Helpful Reviews From Allrecipes.com
This is a good peach cobbler – just the right spices and sweetness. You should note however the amount of baking powder – this is a very “cake-like” cobbler. Also, the amount of cinammon-sugar on the top makes it very hard to tell when it is “golden brown”. “very thin” slices of peach also lead to a less chunky peachy cobbler than I really like, so you may want to make your slices reasonably substantial if you want good sized chunks of peach.
This is the best cobbler I have tasted! Family went nuts over it. Easy, too! I will make this again, for sure. I would include details on peeling the peaches for newbies. Place the peaches in boiling water for about 60 seconds, remove and plunge into cold water. The skins should slip right off.
This recipe is delicious. I have two suggestions to improve it though. First, I used fresh peaches from my boss’s peach tree – some of them were quite under-ripe – and the recipe still came out very sweet. I will definitely make this again, but I will use a bit less sugar in the fruit and in the topping. Second, while the topping is super tasty (if a bit sweet), there’s not enough of it! It doesn’t need to be doubled but maybe 50% more topping would be great.
This is a very good recipe, but having been born and reared in the south, I remember all my mother’s (and grandmother’s) cobblers having a crust on top (not just spoonfuls dropped over it, but a full top crust.) Researching this in my mother’s old recipe files, I found something interesting. This recipe is almost identical to hers, but steps 3 and 4 would be changed as follows: Combine 1 and one-half cups each of flour, sugar and milk. Pour this over the peach mixture. Sprinkle with sugar, with or without the cinnamon, and then dot with butter. Bake approx. 30 minutes. I tried this recipe both ways, and my mother’s way is an improvement. It is also easier, by the way.
Coming from the Peach State, I’m really picky about peach cobbler. This recipe is fantastic! I made it with fresh peaches that were about to spoil in a day or two, so I ended up using all I had. This meant that I almost doubled the suggested amount of fruit, and even though I did not double the other ingredients, the recipe came out very well and I had none left over. So be generous with the fruit if you can!! Serve warm, with vanilla ice cream. Also, consider using other fresh fruits if peaches are not yet in season. I’ve made this with mangoes, blueberries, blackberries, and strawberries, and each time the results have been fantastic.

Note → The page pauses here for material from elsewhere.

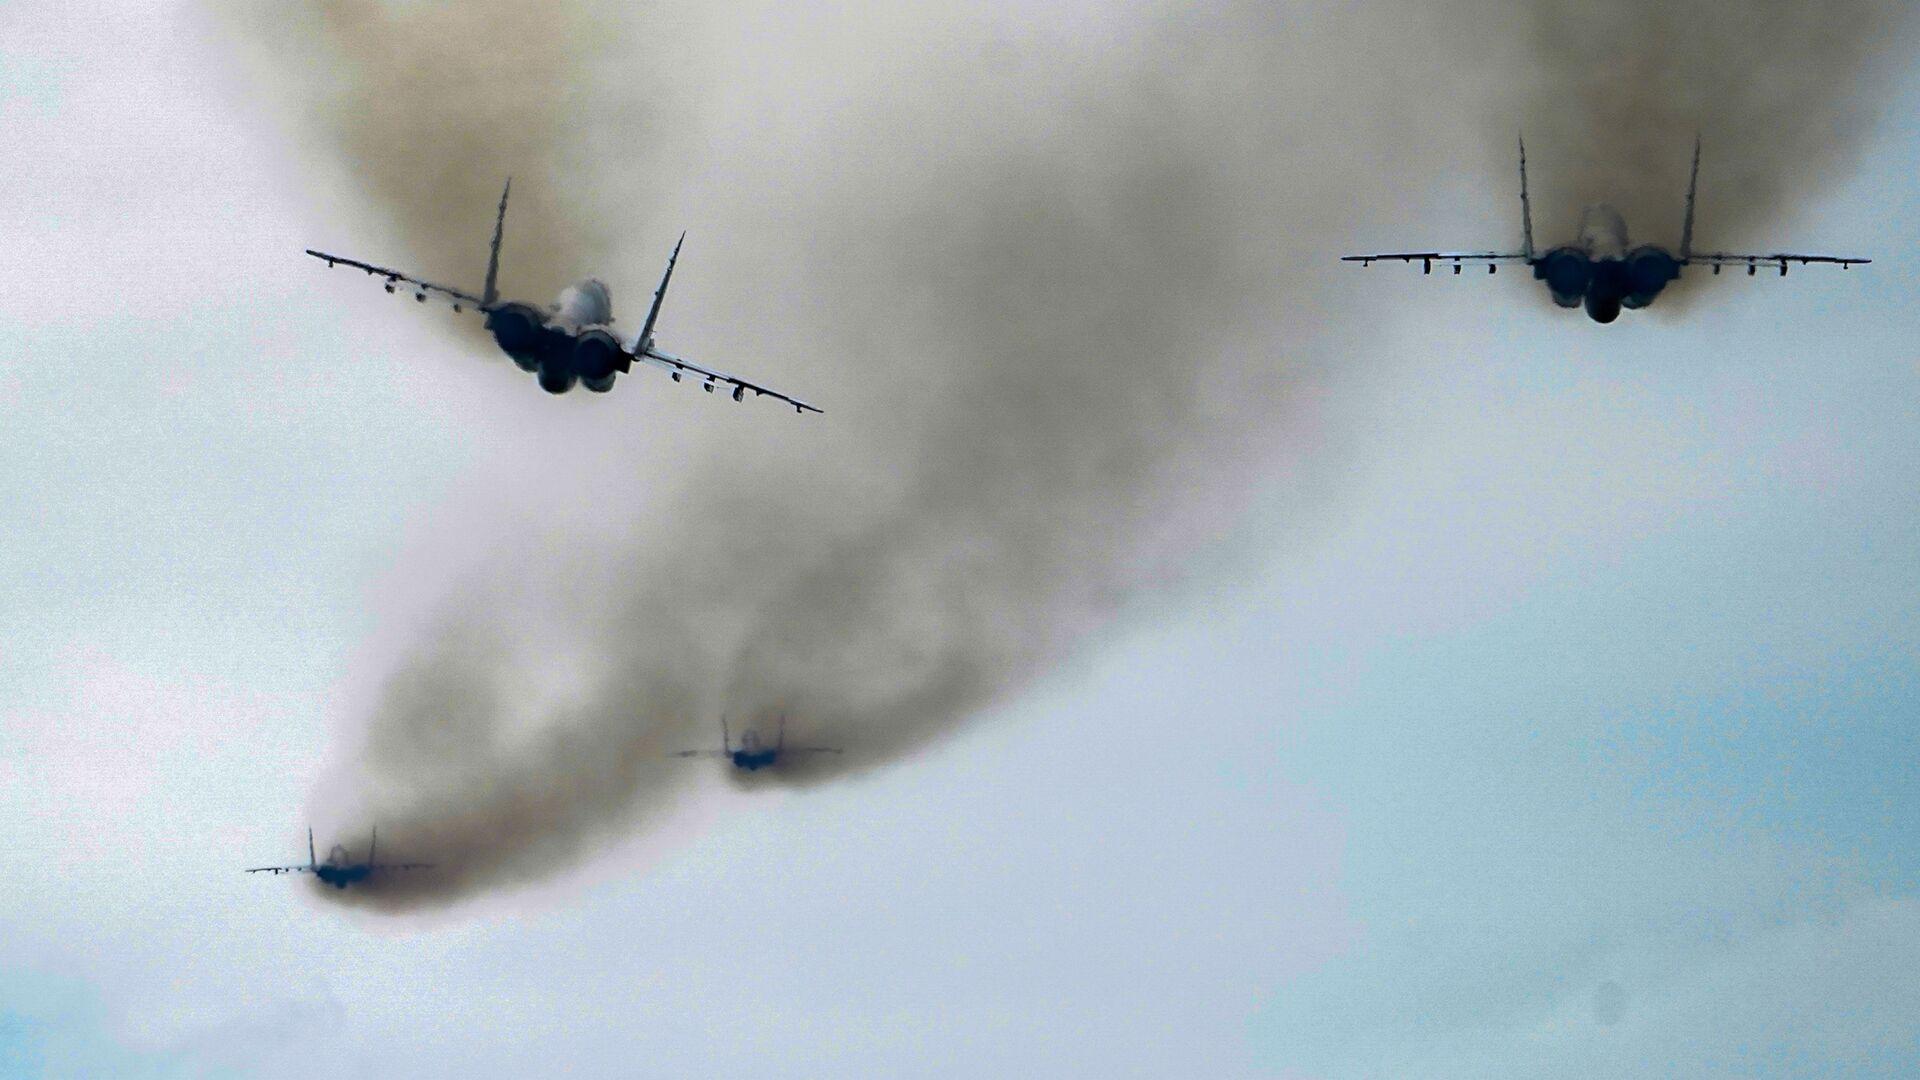 Истребители Су-30СМ пилотажной группы Русские витязи во время репетиции воздушной части парада Победы - Sputnik Таджикистан, 1920, 08.08.2021

This is absolutely one of my favorite recipes that I’ve tried so far. The ingredient proportions are right on the mark, and the procedure is so easy. I tried boiling the peaches to peel them, as suggested, but that didn’t quite work out. Instead, I just peeled them with a knife, which worked out just fine and wasn’t a hassle at all. When choosing peaches, be sure that they do not have any green on the skin — this means the fruit hadn’t developed before being picked, and it won’t get any sweeter afterwards. The crust is unbelievable. When you pour in the boiling hot water, it immediately puffs up into a thick dough. This bakes into a thick, crumb-cake-like topping. The sugar amounts can be adjusted as desired. I found it to be just right. It is incredible with a scoop of vanilla or butter pecan ice cream (or both). My “southern” gentleman companion, who has had his share of peach cobblers, really enjoyed it! Thanks for sharing this recipe.
Made this fabulous dessert with my diabetic husband in mind for a church gathering. I used regular Splenda & Splenda Brown Sugar in place of the sugars, and served with sugar free ice cream. My husband couldn’t get enough, and the non-diabetics loved it!